We can trigger a special image layer generation process at the gc-horizon. The generated image layers will cover several keyspaces:
the old reldir key in each of the databases, and the new reldir sparse keyspace. It will remove the old reldir key while
copying them into the corresponding keys in the sparse keyspace in the resulting image. This special process happens in
the background during compaction. For example, assume this special process is triggered at LSN 0/180. The `create_image_layers`
process discovers the following keys at this LSN.

```plain
db1/reldir_key -> (table 1, table 2, table 3)
...db1 rel keys
db2/reldir_key -> (table 4, table 5, table 6)
...db2 rel keys
sparse_reldir_db2_table7 -> exists
sparse_reldir_db1_table8 -> deleted
```

It will generate the following keys:

```plain
db1/reldir_key -> () # we have to keep the key because it is part of `collect_keyspace`.
...db1 rel keys
db2/reldir_key -> ()
...db2 rel keys

-- start image layer for the sparse keyspace at sparse_reldir_prefix at LSN 0/180
sparse_reldir_db1_table1 -> exists
sparse_reldir_db1_table2 -> exists
sparse_reldir_db1_table3 -> exists
sparse_reldir_db2_table4 -> exists
sparse_reldir_db2_table5 -> exists
sparse_reldir_db2_table6 -> exists
sparse_reldir_db2_table7 -> exists
-- end image layer for the sparse keyspace at sparse_reldir_prefix+1

# The `sparse_reldir_db1_table8` key gets dropped as part of the image layer generation code for the sparse keyspace.
# Note that the read path will stop reading if a key is not found in the image layer covering the key range so there
# are no correctness issue.
```

We must verify that no pending modifications to the old reldir exists in the delta/image layers above the gc-horizon before
we start this process (We can do a vectored read to get the full key history of the old reldir key and ensure there are no more images
above the gc-horizon). Otherwise, it will violate the property that "a relation will only exists either in the old reldir key or
in the new sparse keyspace". After we run this migration process, we can mark `reldir_v2_status` in the `index_part.json` to
`Status::Migrated`, and the read path won't need to read from the old reldir anymore. Once the status is set to `Migrated`, we
don't need to add the key into `collect_keyspace` and therefore all of them will be removed from all future image layers.

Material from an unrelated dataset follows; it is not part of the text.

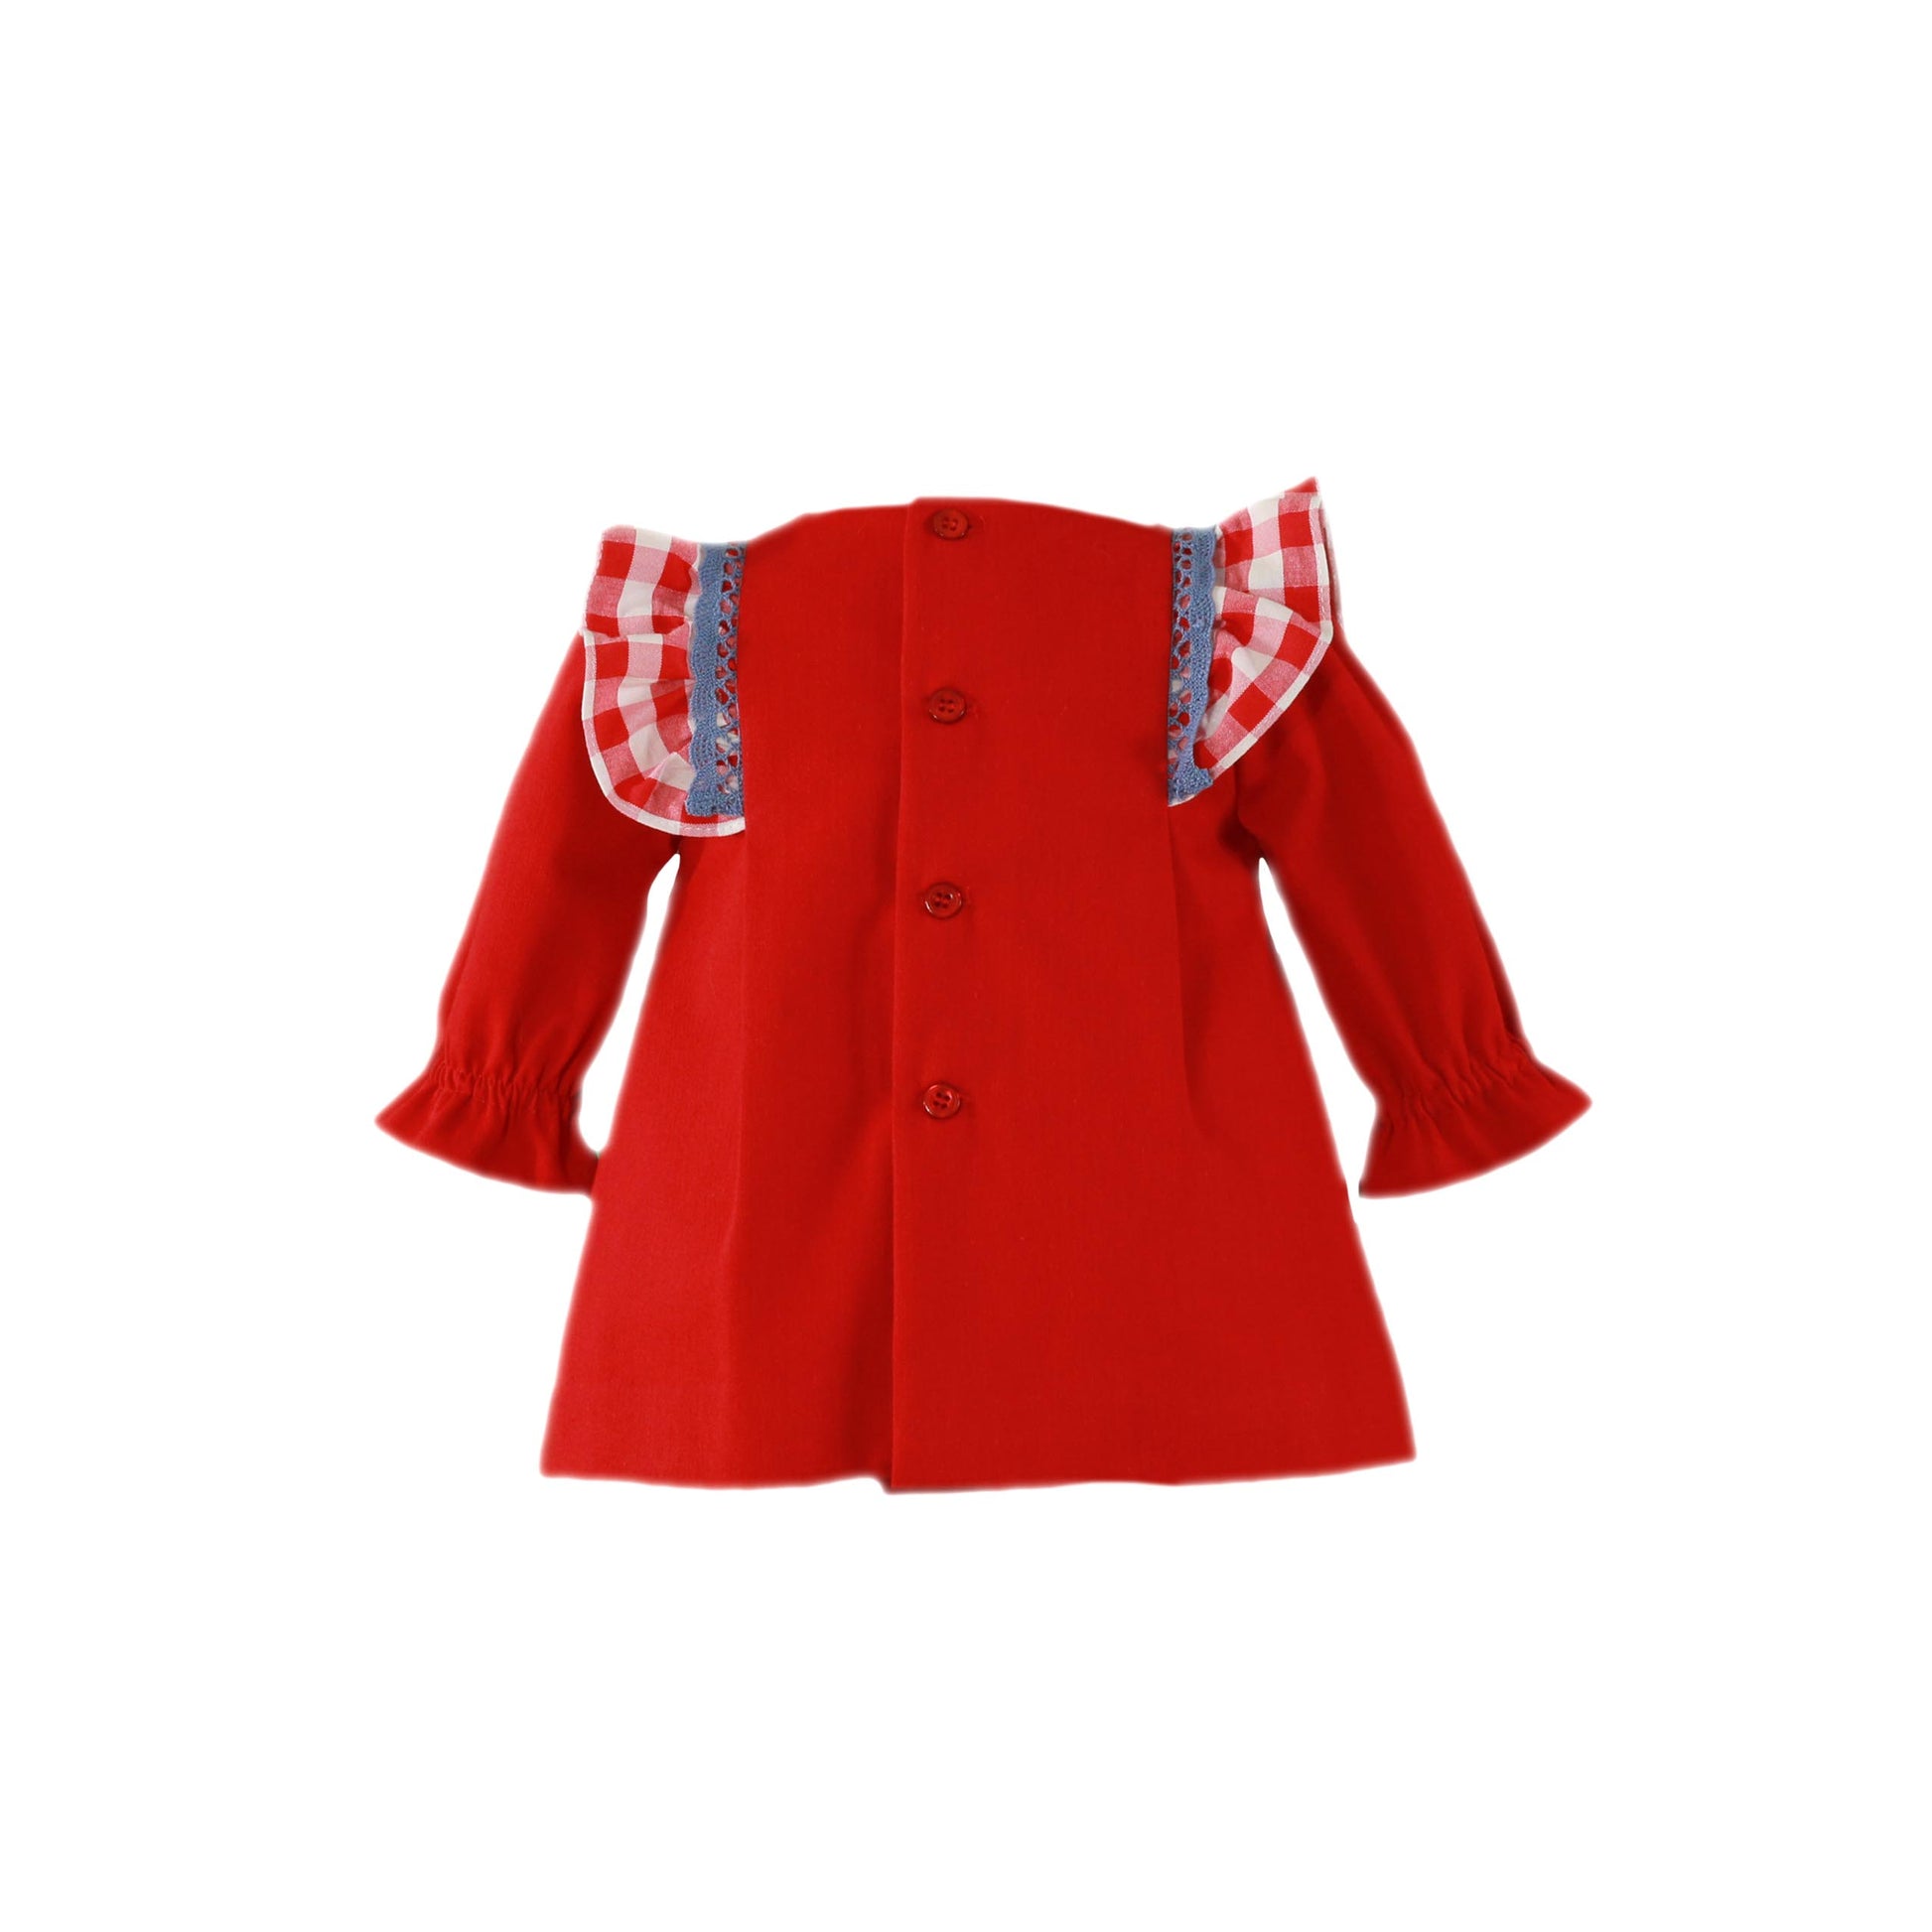 MIRANDA Red Gingham Baby Girls Dress - 32V

The migration process can be proactively triggered across all attached/detached tenants to help us fully remove the old reldir code.

### Consolidate Relation Size Keys

We have relsize at the end of all relation nodes.

```plain
// RelSize:
// 00 SPCNODE  DBNODE   RELNODE  FORK FFFFFFFF
```

This means that computing logical size requires us to do several single-key gets across the keyspace,
potentially requiring downloading many layer files. We could consolidate them into a single
keyspace, improving logical size calculation performance.

### Migrate DBDir Keys

We assume the number of databases created by the users will be small, and therefore, the current way
of storing the database directory would be acceptable. In the future, we could also migrate DBDir keys into
the sparse keyspace to support large amount of databases.